Photoexcited charge transfer is essential to light energy conversion processes in photosynthesis and solar cells. While fundamental theories governing these molecular and bulk charge transfer reactions are well established, the same level of understanding and agreement for nanoscale systems has not been achieved. It is essential to address this knowledge gap, as nanomaterials are becoming attractive candidates for optoelectronics and electrocatalysis. In this dissertation, hole transfer from high photoluminescence quantum yield CdSe-core CdS-shell semiconductor nanocrystal quantum dots to covalently linked molecular ferrocene acceptors is investigated in the context of Marcus Theory of Electron Transfer (Nobel Prize Chemistry 1992). This model quantum dot donor-acceptor system was thoughtfully designed to address the unique properties of QDs that complicate the proper characterization of the rate constants.

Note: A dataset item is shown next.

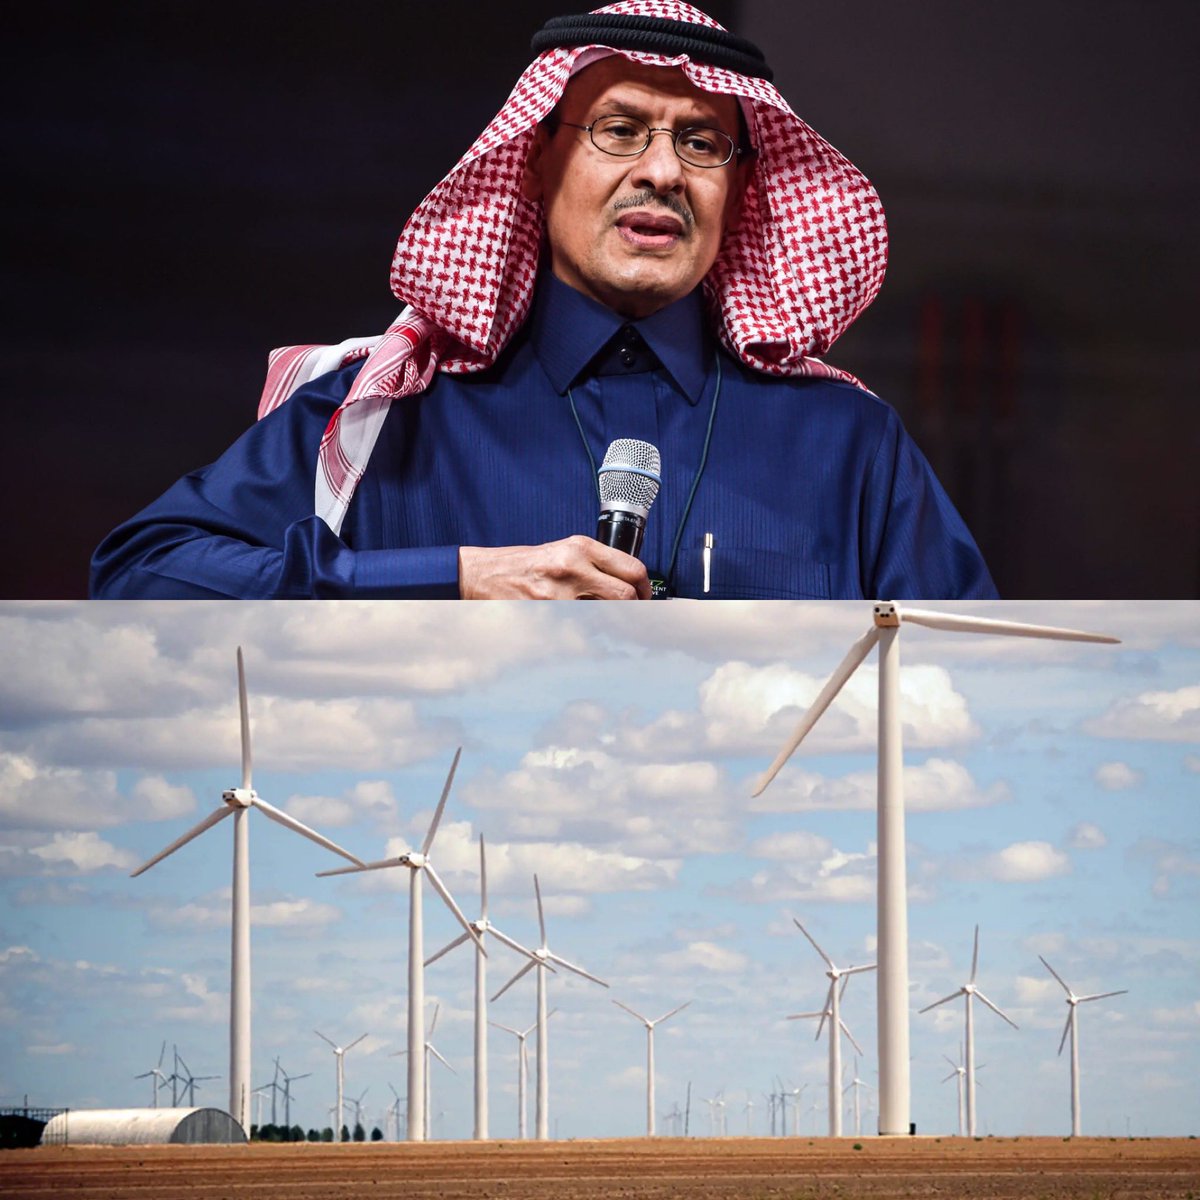 وزير الطاقة السعودي: مشروعا الغاط ووعد الشمال حققا أرقاماً قياسية عالمية في انخفاض تكلفة إنتاج الكهرباء من طاقة الرياح، والطاقة المنتجة سنوياً من المشروعين ستكفي استهلاك ربع مليون وحدة سكنية

In this model system, modulating the electronic coupling and thermodynamic driving force for the reaction was done reliably and the hole transfer rate constant per acceptor, kht, was extracted by measuring steady-state and transient photoluminescence to determine the photoluminescence quantum yield in conjunction with quantitative NMR to determine the number of bound acceptors. Our studies varied the electronic coupling by six orders of magnitude by changing the shell thickness and the alkyl chain length. We find that there is a family of universal curves for PLQY as a function of coverage, spanning linear to nonlinear which depends critically on the ratio of the total hole transfer rate to the sum of the native recombination rates in the QD. Thermodynamic driving force was explored by molecular functionalizations on ferrocene that change the oxidation potentials of the acceptor. The rate's dependence on the driving force elucidated that there is no Marcus inverted region, and a new multistate model was posited to explain the result.

Parameters that affect the reorganization energy such as the surface ligands were also explored. Our model charge transfer system allowed us to examine the rate of ligand exchange to determine the rate law and the rate order, and explore mechanisms of this exchange reaction. Single particle absorption and photoluminescence via fluorescence and photothermal microscopy were also explored to explore photophysical properties of single QDs, such as how its photoluminescence and absorption degrades over time and how the photoluminescence quantum yield varies in a given batch of this material.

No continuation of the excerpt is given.